1. Overview
The Locality-Sensitive Hashing (LSH) algorithm hashes input items so that similar items have a high probability of being mapped to the same buckets.
In this quick article, we will use the java-lsh library to demonstrate a simple use case of this algorithm.
2. Maven Dependency
To get started we’ll need to add Maven dependency to the java-lsh library:
<dependency>
<groupId>info.debatty</groupId>
<artifactId>java-lsh</artifactId>
<version>0.10</version>
</dependency>
3. Locality-Sensitive Hashing Use Case
LSH has many possible applications, but we will consider one particular example.
Suppose we have a database of documents and want to implement a search engine that will be able to identify similar documents.
We can use LSH as part of this solution:
- Every document can be transformed to a vector of numbers or booleans – for example, we could use the word2vect algorithm to transform words and documents into vectors of numbers
- Once we have a vector representing each document, we can use the LSH algorithm to calculate a hash for each vector, and due to the characteristics of LSH, documents that are presented as similar vectors will have a similar or same hash
- As a result, given a particular document’s vector, we can find N numbers of vectors that have a similar hash and return the corresponding documents to the end user
4. Example
We will be using the java-lsh library to calculate hashes for our input vectors. We won’t be covering the transformation itself, as this is a huge topic beyond the scope of this article.
However, suppose we have three input vectors that are transformed from a set of three documents, presented in a form that can be used as the input for the LSH algorithm:
boolean[] vector1 = new boolean[] {true, true, true, true, true};
boolean[] vector2 = new boolean[] {false, false, false, true, false};
boolean[] vector3 = new boolean[] {false, false, true, true, false};
Note that in a production application, the number of input vectors should be a lot higher to leverage the LSH algorithm, but for the sake of this demonstration, we will stick to three vectors only.
It is important to note that first vector is vastly different from the second and third, whereas the second and third vectors are quite similar to each other.
Let’s create an instance of the LSHMinHash class. We need to pass the size of the input vectors to it – all input vectors should have equal size. We also need to specify how many hash buckets we want and how many stages of computation (iterations) LSH should perform:
int sizeOfVectors = 5;
int numberOfBuckets = 10;
int stages = 4;
LSHMinHash lsh = new LSHMinHash(stages, numberOfBuckets, sizeOfVectors);
We specify that all vectors that will be hashed by the algorithms should be hashed among ten buckets. We also want to have four iterations of LSH for calculating hashes.
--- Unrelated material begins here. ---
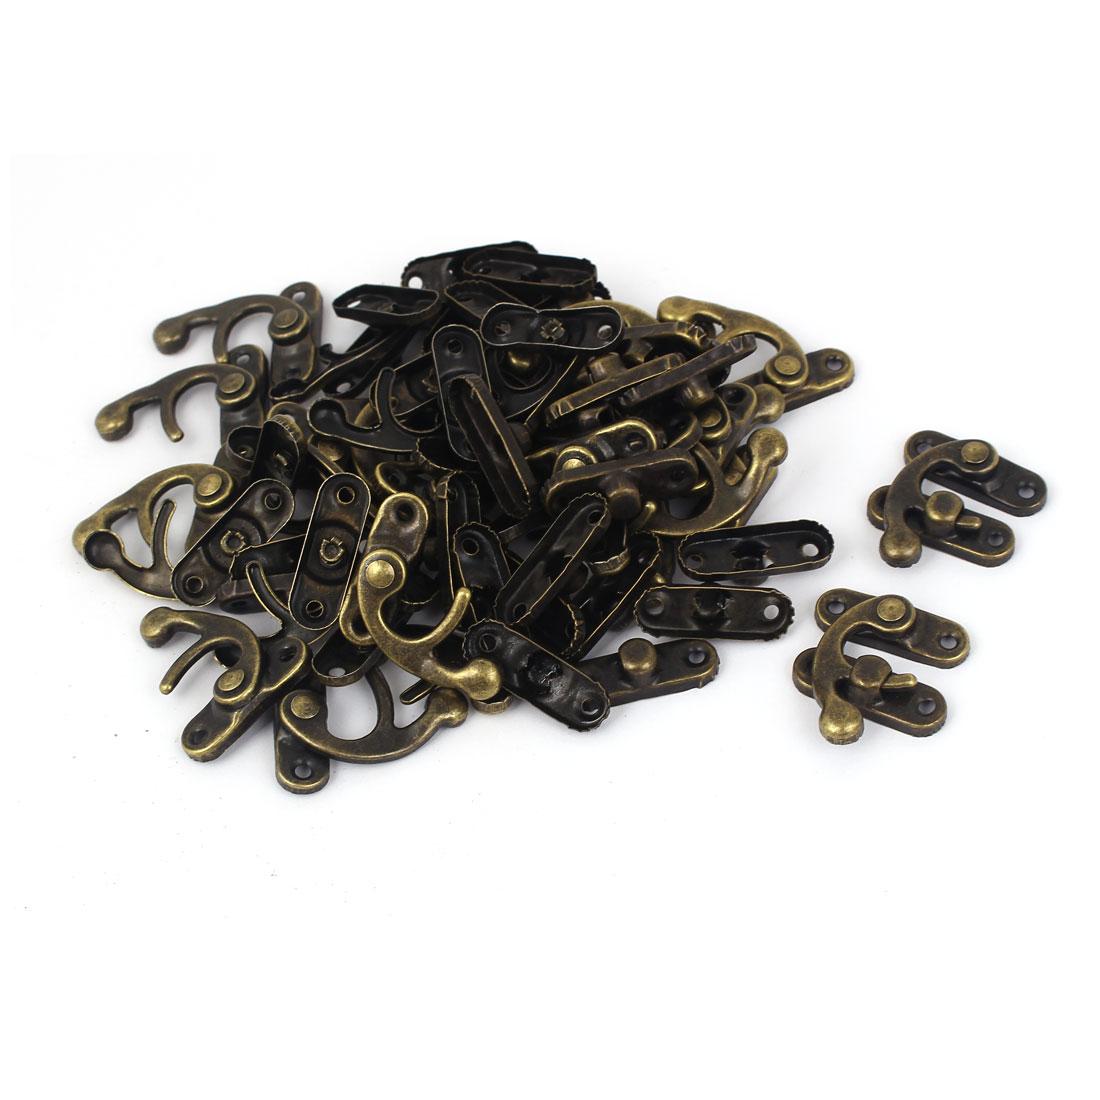 Jewelry Case Gift Box Lock Latch Buckle Clasp Bronze Tone 32x27mm 30pcs - image 3 of 3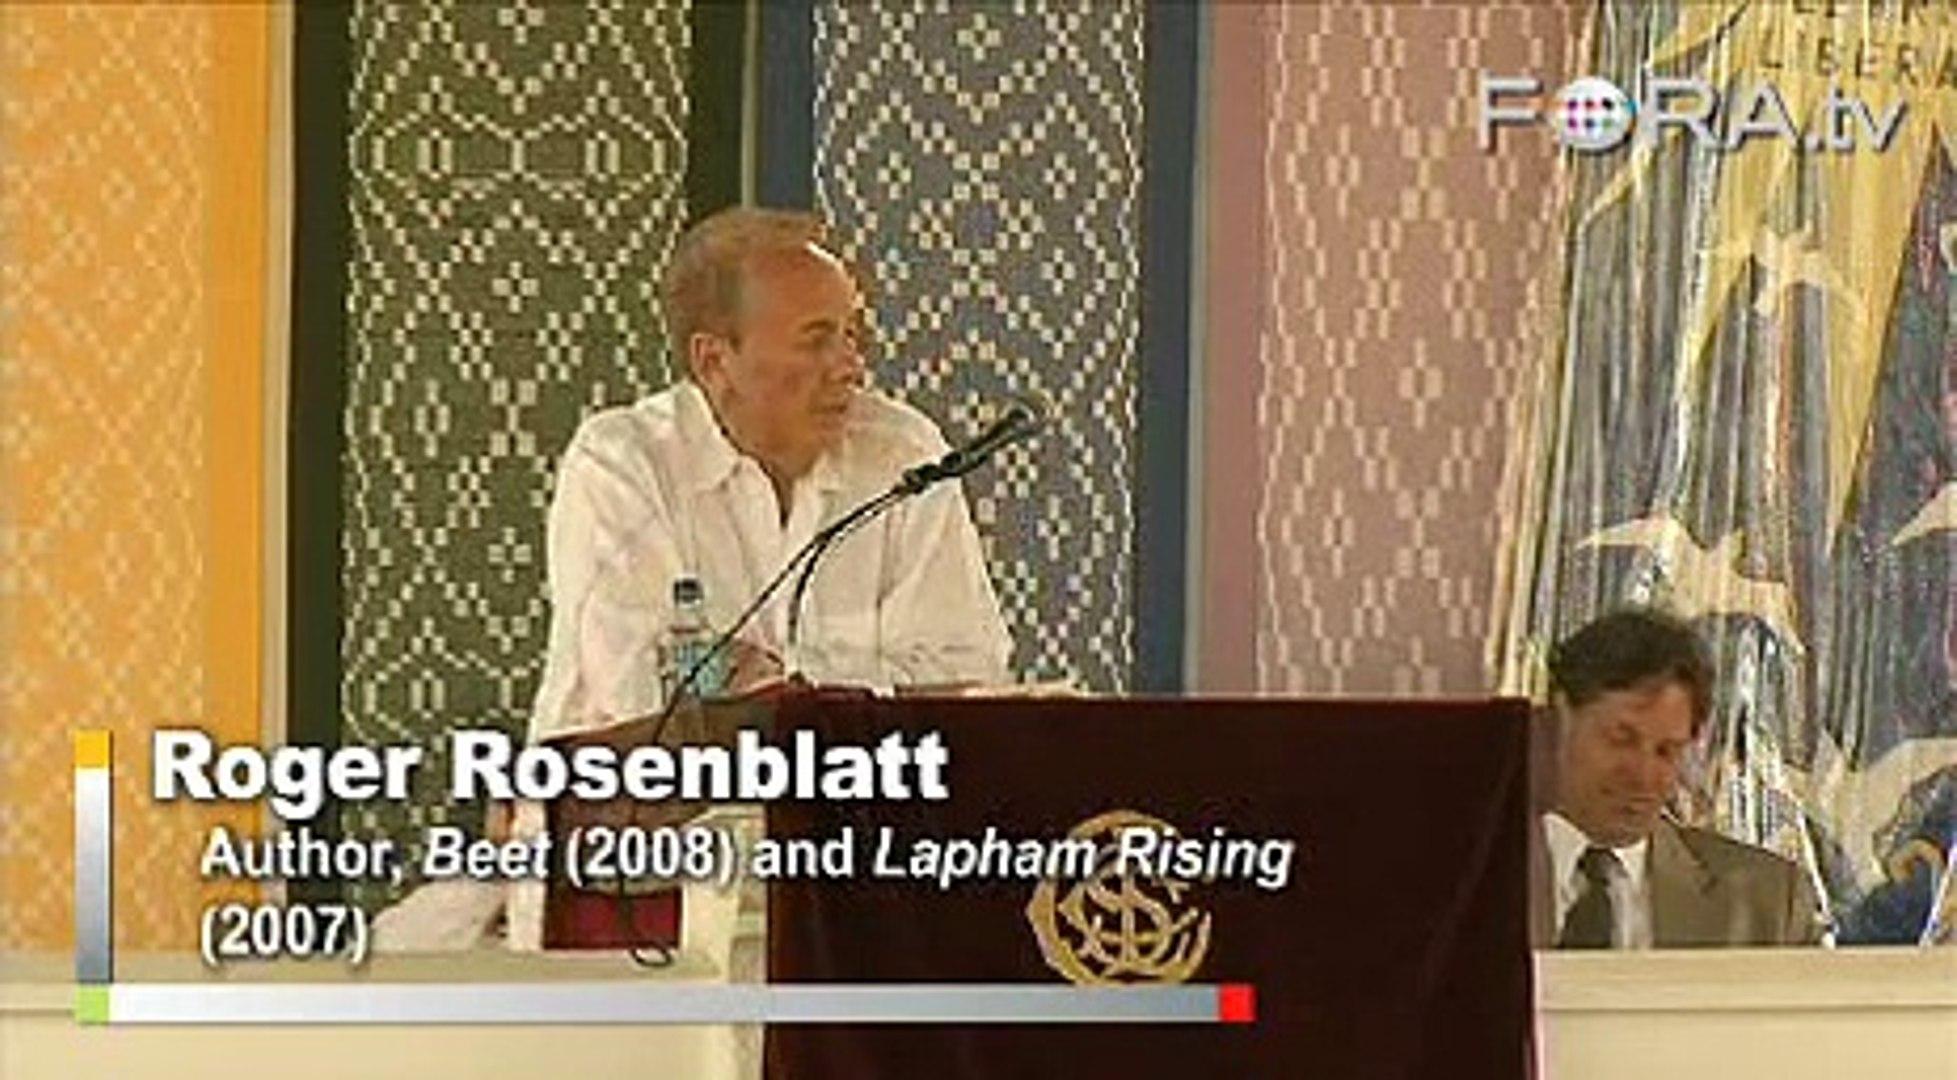 Roger Rosenblatt on the Odd Characters of Beet College

To calculate the hash for each vector, we pass the vector to the hash() method:
int[] firstHash = lsh.hash(vector1);
int[] secondHash = lsh.hash(vector2);
int[] thirdHash = lsh.hash(vector3);
System.out.println(Arrays.toString(firstHash));
System.out.println(Arrays.toString(secondHash));
System.out.println(Arrays.toString(thirdHash));
Running that code will result in output similar to:
[0, 0, 1, 0]
[9, 3, 9, 8]
[1, 7, 8, 8]
Looking at each output array, we can see the hash values calculated at each of the four iterations for the corresponding input vector. The first line shows the hash results for the first vector, the second line for the second vector, and third line for the third vector.
After four iterations, the LSH yielded results as we expected – LSH calculated the same hash value (8) for the second and third vectors, which were similar to each other, and a different hash value (0) for the first vector, which was different from the second and third vectors.
LSH is an algorithm that is based on probability, so we cannot be sure that two similar vectors will land in the same hash bucket. Nevertheless, when we have a large enough number of input vectors, the algorithm yields results that will have a high probability for assigning similar vectors to the same buckets.
When we are dealing with massive data sets, LSH can be a handy algorithm.
5. Conclusion
In this quick article, we looked at an application of the Locality-Sensitive Hashing algorithm and showed how to use it with the help of the java-lsh library.
The implementation of all these examples and code snippets can be found in the GitHub project – this is a Maven project, so it should be easy to import and run as it is.